Contrast to the runes. The character only had the fictional ability to read the runes. The player decides what they mean. That’s a different decision space and as far as I can tell a guaranteed check.
The character only has the fictional ability to persuade. The player decides they will persuade the cleric to cast the spell.

On the DC the runes example doesn’t appear to have a variable or dm determined dc that depends on the intent, only on the interpreting. The clerics persuasion check dc would depend on the intent of what you wanted the cleric to do in d&d.
The dice pool for the complication always includes the complication, in this case a d12, and your effect if successful reduces the complication that many sides, making a d12 hard to reduce completely. Any 1s on your roll lets GM step the complication up, and stepping up from a d12 means they narrate how you're overwhelmed by it.

In this sort of way the check difficulty (chance of success) depends on the intent of what you wanted to do with the runes. Here players took quite a risk!
 

The character has the fictional ability to glean information from, among other things, runes.
But not to decide what that information is.
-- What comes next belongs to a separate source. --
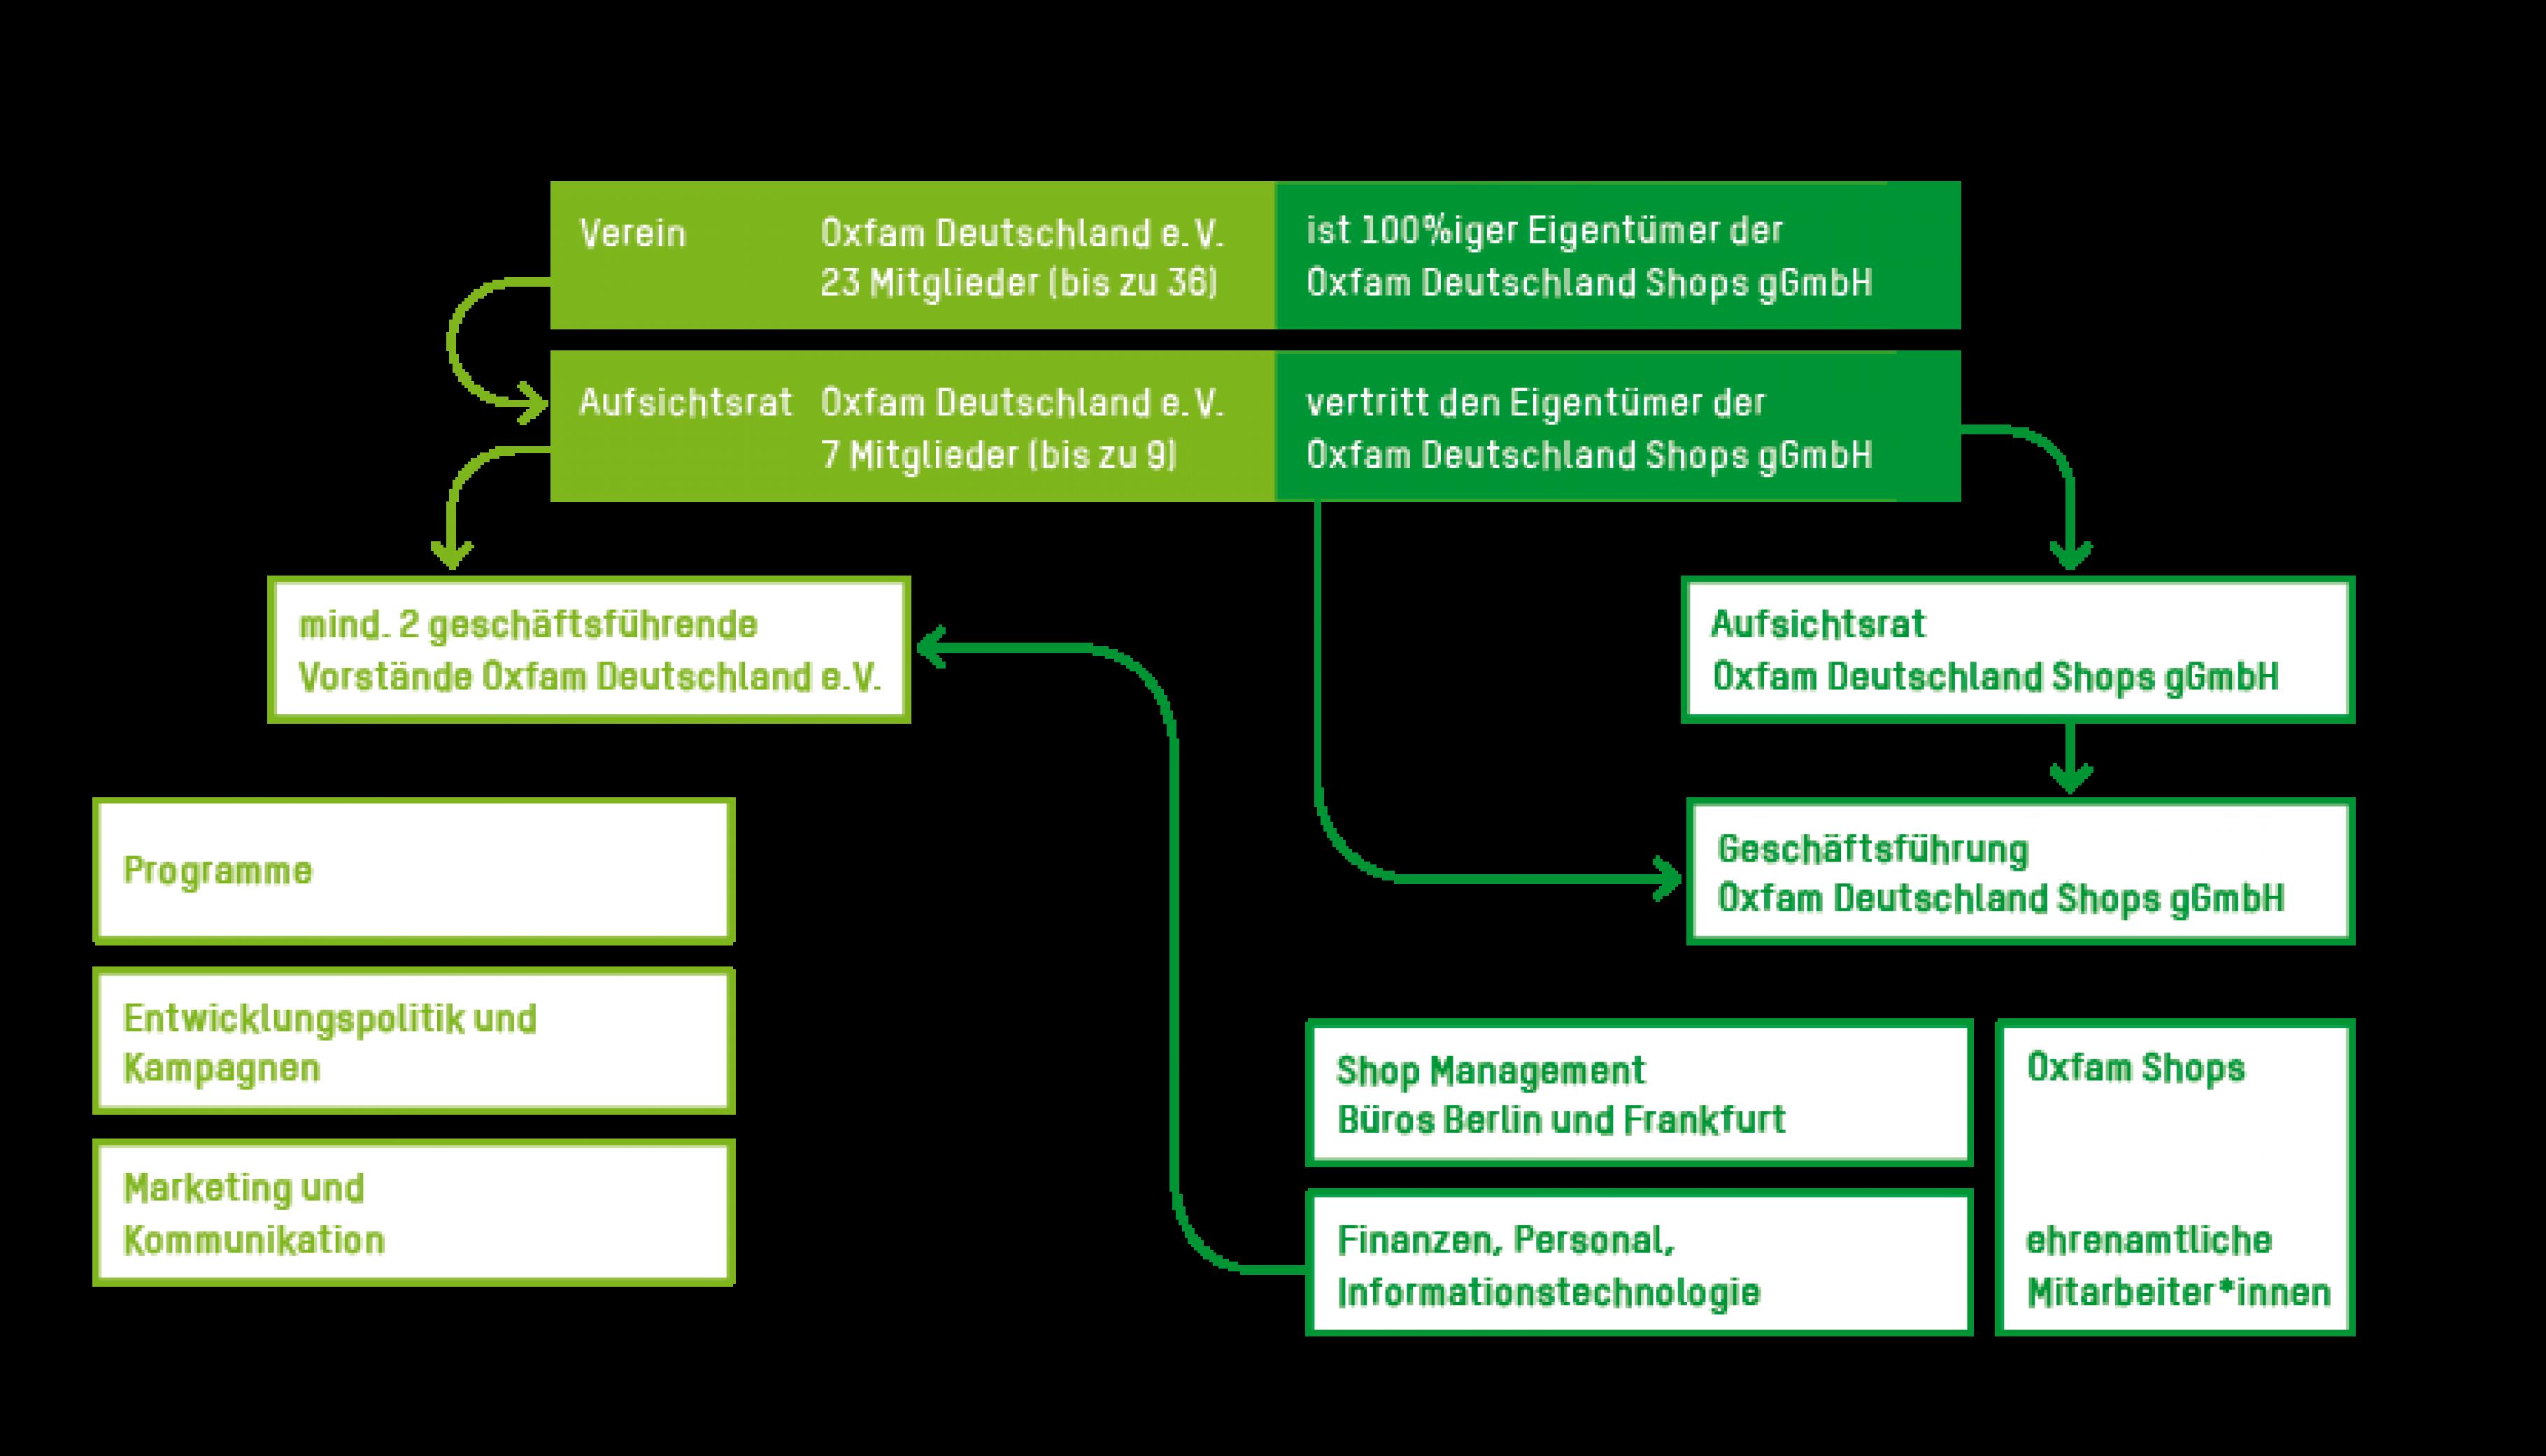 Struktur Oxfam Deutschland | Stand September 2019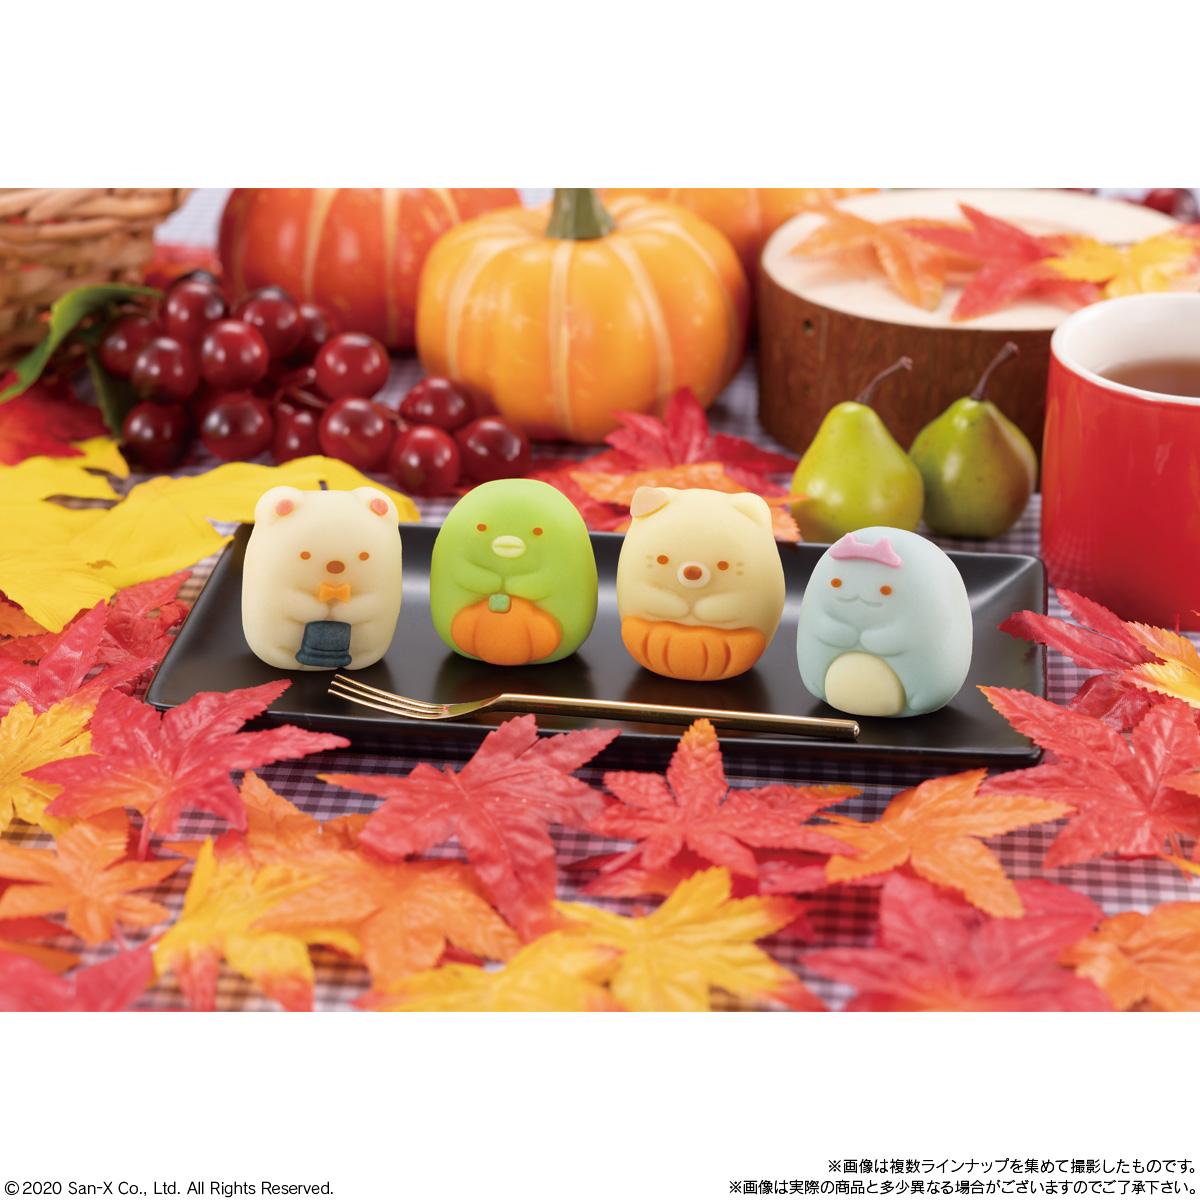 食べマス すみっコぐらし ~秋のおめかしすみっコ~ しろくま・ぺんぎん?_4

The character only has the fictional ability to persuade. The player decides they will persuade the cleric to cast the spell.
No. The character decides that they try to persuade the cleric to cast the spell, and they speak words to do that. It is all in-character, there is no divergence to meta decisions like there obviously is in the rune case.

Like this exact thing happened in my campaign a while ago. The priestess agreed to cast the spell for free once the characters promised to make a generous donation to the temple! :ROFLMAO:
 

Playing in Faerun it could be as limited as conjecturing there is a cleric in this settlement that can cast it and be influenced to do so for our benefit. Something about runes might allow an expert character to discern the way out. Something about settlements in Faerun might allow a persuasive character to solicit a spell cast.

The character has the fictional ability to glean information from, among other things, runes.

The character only has the fictional ability to persuade. The player decides they will persuade the cleric to cast the spell.

They do this not by authoring the cleric exists and has the spell they want him to cast but by persuading an already established cleric that’s already established to have the spell to cast it.

Contrast that to the runes where nothing of this sort is already established.

The dice pool for the complication always includes the complication, in this case a d12, and your effect if successful reduces the complication that many sides, making a d12 hard to reduce completely. Any 1s on your roll lets GM step the complication up, and stepping up from a d12 means they narrate how you're overwhelmed by it.

In this sort of way the check difficulty (chance of success) depends on the intent of what you wanted to do with the runes. Here players took quite a risk!

There’s some steps missing here for me to really understand this part fully. I don’t know how or when a dice pool for a complication is used. I don’t know what your effect if successful means in terms of die sides. Nor do I know what being overwhelmed by the complication means. Some may very well be natural language but I’m not sure.

Then there’s the notion that these things combine such that the task is more difficult depending on your intent. Like what if the runes were used with the intent to summon a helpful ally? Does that change the difficulty? What about if it was for a hot meal?
 

But not to decide what that information is.


No. The character decides that they try to persuade the cleric to cast the spell, and they speak words to do that. It is all in-character, there is no divergence to meta decisions like there obviously is in the rune case.

Like this exact thing happened in my campaign a while ago. The priestess agreed to cast the spell for free once the characters promised to make a generous donation to the temple! :ROFLMAO:

I’m in disbelief that I’m even having to point out that a d&d persuasion check involving an established cleric that can cast remove curse doesn’t require the player to author anything outside his character, but that a player deciding what runes mean does require the player to author precisely that way.